2. Create a mapping population—After initial genetic characterization, an appropriate mapping strategy should be chosen. Because the creation of the mapping population is often the rate-limiting step in positional cloning, it is advisable to initiate multiple mapping populations as soon as possible. Ultimately, only polymorphic populations that are well-suited to your mutant of interest need to be used. The two most common and useful mapping strategies involve creation of F2 or backcross (BC) mapping populations. The steps in creating each mapping population are described below.
a. Cross the mutant to many diverse inbred lines (Appendix 1, Note 4). This is the first step for both BC and F2 populations. If possible, choose inbreds that are likely to maximize the number of polymorphic markers. Fig. 2A shows the relationships of common inbreds and can provide a rough guide for choosing lines that are more likely to be polymorphic. The crosses initiated during the genetic characterization can be used for this step.
b. Generate BC populations (Appendix 1, Note 5) by crossing the F1 back to one of the parental lines originally used to generate the F1. This backcross can be to either the mutant parent or to the wild-type inbred. The first case will generate progeny that are 50% homozygous mutant and 50% heterozygous, while a backcross to the inbred parent will create 50% heterozygous and 50% homozygous wild-type progeny. As a general rule, a backcross to the wild-type parent is appropriate for dominant/semidominant mutants, while recessive mutants must be backcrossed to the mutant parent to see the phenotype in the next generation (see Fig. 2B).
c. Generate F2 mapping populations (Appendix 1, Note 6) by selfing the F1 individuals (step 2a) to create segregating F2 populations. The phenotypic segregation of the mutant phenotype will depend on the nature of the mutation: recessive, dominant, or semidominant (Fig. 2C). In an F2 population for a recessive mutant, only the 25% mutant individuals will have a known genotype at the mutant locus, because the remaining wild-type plants can be either homozygous wild type or heterozygous. For a dominant mutant the situation is reversed, and only the 25% wild-type individuals will have a known genotype (homozygous wild type) because mutant individuals can be either homozygous or heterozygous for the dominant mutant allele. A semidominant mutant will segregate three phenotypic classes, and each class will have a known genotype.
3. Bulked segregant analysis—rough mapping —In this section, we describe a general method for bulked segregant analysis (BSA), used to quickly identify molecular markers linked to any trait of interest (Michelmore et al., 1991). BSA involves creation of two pools by bulking individuals identical in phenotype (e.g., wild type and mutant) from a segregating population. The pooled DNA samples are then genotyped with molecular markers that span the entire genome.
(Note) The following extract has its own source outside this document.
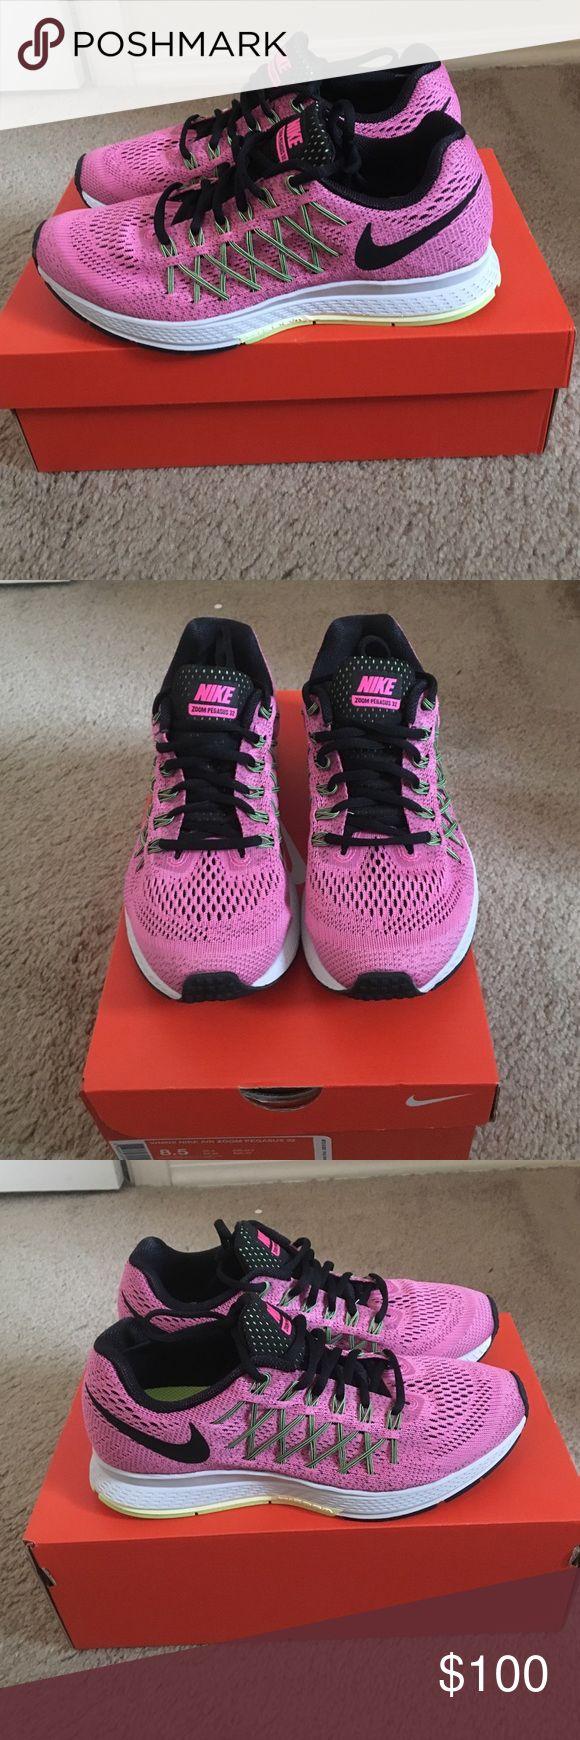 BRAND NEW NEVER WORN Women's Nike Zoom Pegasus 32 These are brand new, never worn, women's pink Nike Zoom Pegasus 32 size 8.5. Brand new with box. Nike Shoes Sneakers

Markers that are not linked to the mutant will show no difference in the wild-type and mutant pools, while linked markers will show an overrepresentation of the mutant parent allele only in the mutant pool. Although a variety of markers have traditionally been used for BSA, new methodologies have been developed for the rapid detection of single nucleotide polymorphisms (SNPs) that provide a more efficient alternative for this preliminary mapping step. One example is the MassARRAY System (Sequenom, San Diego, California, USA), which has been optimized at Iowa State University for the simultaneous detection of approximately 1000 SNPs polymorphic between B73 and Mo17 inbreds (Liu et al., 2010). The same set of markers can also be used for mapping populations created with different genetic backgrounds, with the caveat that only a subset of the B73-Mo17 SNPs will be polymorphic. In our experience, MassARRAY has also succeeded with the following genetic backgrounds: A619 × B73, A632 × Mo17, and A632 × Oh43. The steps below are appropriate for BSA using either MassARRAY or more traditional simple sequence repeat (SSR) markers (Taramino and Tingey, 1996). Regardless of the marker type used in BSA, the preparation of the pooled samples is identical.
a. Score your mapping population for both mutant and wild-type individuals. Flag and number the mutant and wild-type plants for collecting tissue.
b. Collect tissue from each of the mutant and wild-type plants scored in step 3a for DNA extraction. Pool an equal amount of tissue (leaf disks or equivalent) from at least 10–20 individual plants for both wild-type and mutant pools (Appendix 1, Note 7). We generally use a standard single-hole paper punch modified so that a 15-mL Falcon tube can be attached for collection of the leaf disks (punches) of uniform size (Fig. 3; Appendix 1, Note 8). Punch the same leaf three times into the collection tube to ensure that enough tissue is obtained from each sample in the pool. Be consistent with all the samples collected, to minimize sample-to-sample variation in the amount of tissue pooled.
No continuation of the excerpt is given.